I am a notorious Forgetter. My friends will often have to remind me of things that we did last week, last year, how we met, and otherwise formative experiences that are truly embarrassing for me to have forgotten given how much I care about the people in my life. After reading this article, though, I started writing out a personal and family history, a way to “practice remembering”, and realized how much of my life I could and did remember, how many long-unspoken memories and experiences (especially from my childhood) shaped me in profound ways and continue to serve as core parts of my personality. Certainly, a lot of these are insecurities that I now have a stronger foundation to work through. But there are also memories I’ve unearthed with this exercise that remind me of how blessed I’ve been, what opportunities I’ve both stumbled into and chased after tirelessly, that have given me a renewed appreciation and gratitude for what the world has given to me and desire to provide the same to others.
This paper (feat. Mikel Artetxe, Reka AI) made semi-sensationalist AI coverage rounds earlier this year by proposing active forgetting (resetting the embedding layer periodically during pretraining) with particular applications in non-English languages:
“Human memory in general is not very good at accurately storing large amounts of detailed information.
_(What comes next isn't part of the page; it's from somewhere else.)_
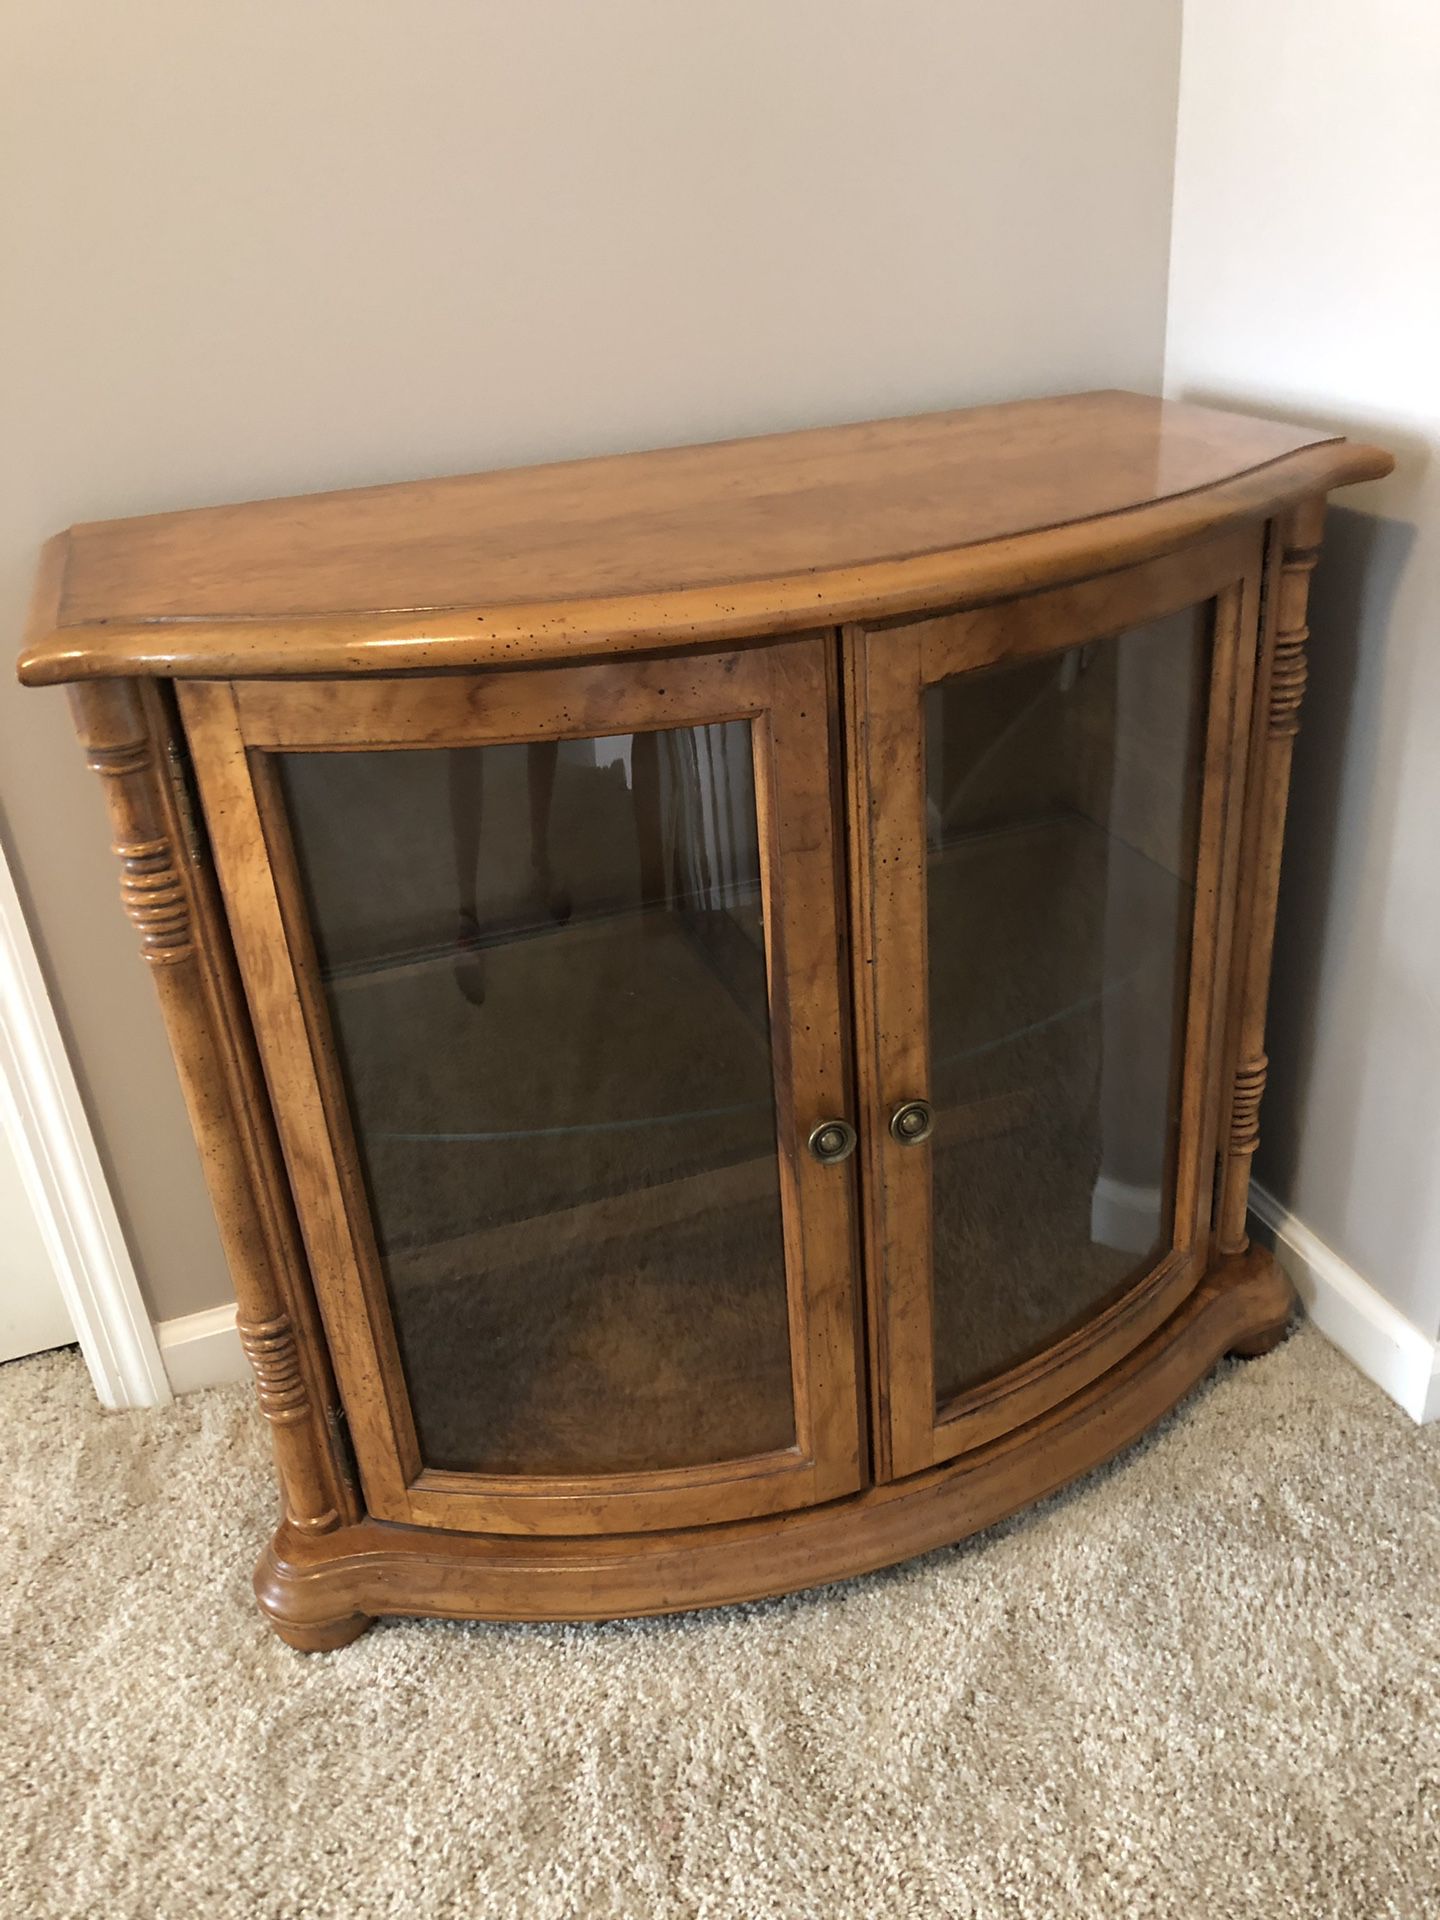 Excellent condition Solid wood cabinet $35

Instead, humans tend to remember the gist of our experiences, abstracting and extrapolating,” said Benjamin Levy, a neuroscientist at the University of San Francisco. “Enabling AI with more humanlike processes, like adaptive forgetting, is one way to get them to more flexible performance.”
Generally, I find neuroplasticity (“the ability of the nervous system to change its activity in response to intrinsic or extrinsic stimuli by reorganizing its structure, functions, or connections”) to be under-studied and under-modeled as plasticity in neural networks. A very simple and reasonable explanation for this is that the purpose of state-of-the-art ML modeling is and has always been performance- (e.g. accuracy/precision/recall) and now cost- and speed-driven for tangible applications. Quantum computing, which conceptually (as it is much more intrinsically probabilistic, uncertain, and chaotic) may have a better basis of modeling a true human brain (with customizable remembering/forgetting capabilities) in a model, is still at least some years out from a real-world breakthrough.
While I’m specifically not advocating for a future where humans and machines are truly indistinguishable, I wonder if there is under-represented value in building a more accurate machine model of human memory for the sake of understanding the human brain itself. This week we saw huge advances in biological foundation models reflecting decades of truly inspiring work bridging understanding across biologists and computational scientists. Just as I discovered latent connections in my own brain via an active learning exercise and found surprising utility in approaching emotional pathways as a reinforcement learning problem, perhaps the same can be modeled at billions- and trillions-scale to uncover personalized therapeutic pathways for others.